WTI crude oil jumped 5.18% to $37.74 per barrel on Wednesday, April 6th, 2016. The positive news that crude oil inventories fell by more than expected was welcomed by oil markets. The sharp uptick in crude oil prices – $1.86 – dragged the commodity out of the mire, and this helped to relieve the beleaguered equities markets which have been under pressure of late. Wednesday’s gains were the best in 3 weeks since mid-March 2016. The price of WTI crude oil was boosted by increased demand from US refineries.
According to the EIA (Energy Information Administration), oil inventories declined by 4.9 M barrels for the week ending Friday, April 1st. This is in sharp contrast to the consensus forecast of analysts who were expecting a rise of 2.9 M barrels on the first Friday of April. There was also positive news from the API (American Petroleum Institute) which reported a drop of 4.1 M barrels of oil. US oil refineries have been utilizing increasingly greater quantities of crude oil week on week, with 199K + more BPD being consumed. The operable capacity for the week ending Friday April 1st was 91.4%.
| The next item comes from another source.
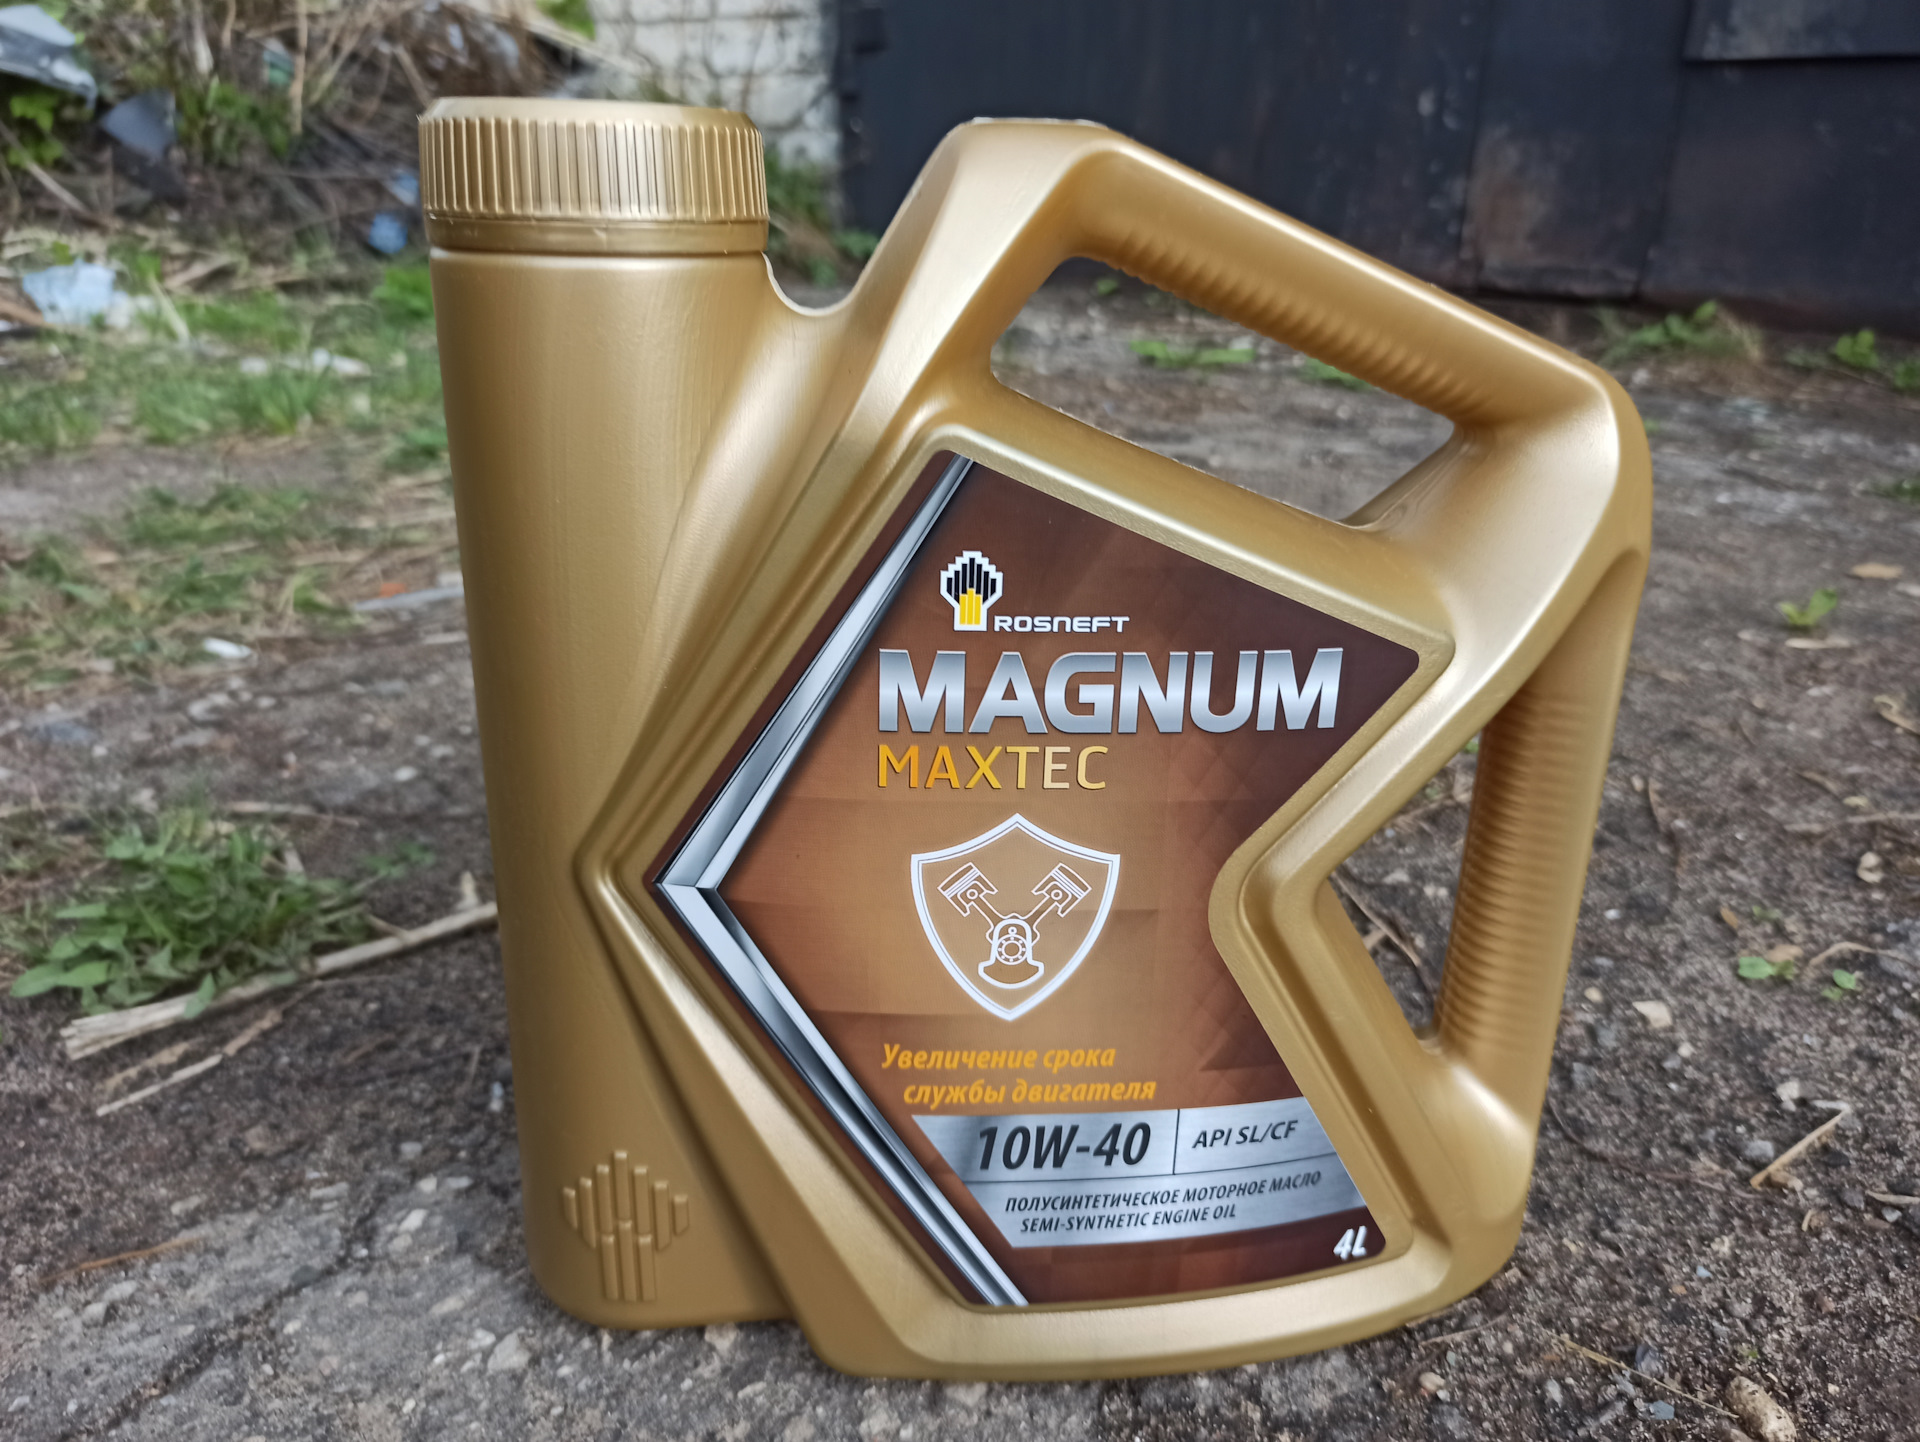 Моторное масло роснефть магнум 10w 40. Rosneft Magnum Maxtec 10w-40. Масло Магнум. Масло Магнум премиум. Можно применять масло Магнум синтетику 5 w40 в калину и отзывы.

How oil prices are helping equities markets on Wall Street
The positive correlation between oil price strength/weakness and equities markets is undisputed. The S&P 500 index is one of the most closely correlated indices with oil prices. Gains in the price of WTI crude oil on Wednesday, April 6th 2016 were largely a result of US inventories being lower than expected. However, there is also an equal but opposite force weighing on oil markets in the form of the upcoming conference in Doha. Saudi Arabia as the leading OPEC country, along with others, will be hosting Russia, a non-OPEC country, to discuss ways and means of reducing output to January levels. However, hopes of a quick resolution to the oil price dilemma were dashed when Iran and Saudi Arabia both announced that they were unlikely to follow through with cutting production levels of crude oil unless all participants in OPEC and non-OPEC countries did the same. Since Iran will not be reducing its output, Saudi Arabia has announced that it too will be avoiding such a measure.
Wall Street rallies with uptick in oil prices but gold falls short
Strength in crude oil demand put a damper on gold demand, but equities markets rallied. The Fed minutes that were released at 14:00 EST confirmed what everyone already knows: a go-slow approach to rate hikes will be the norm in the US for the remainder of 2016. Janet Yellen as Chair of the Fed has been cautiously optimistic about rate hikes, but wants to see the fundamentals in the global economy improving before the US adopts a 25-basis point rate hike. According to the FFF (Fed fund futures), there is only a 50% likelihood of the Federal Reserve Bank hiking interest rates in 2016. This is positive news for equities markets, but bad news for the USD.
The greenback continues to weaken against a basket of currencies, although it is performing well in its G-10 category. In terms of gold, the SPDR Gold Shares (NYSE:GLD) gold trust was markedly lower by 0.7%, while 6.6 metric tons of gold outflow was reported for gold exchange traded funds. Gold was last trading at $1,225.20 per ounce on the COMEX, while silver was trading at $15.052 per ounce on the COMEX, and platinum was trading at $944.50 per ounce on the NYMEX.
The fact that oil prices have been range bound for quite some time is a result of talks of a production freeze. The meeting will be taking place on Sunday, April 17th 2016, but expectations remain low.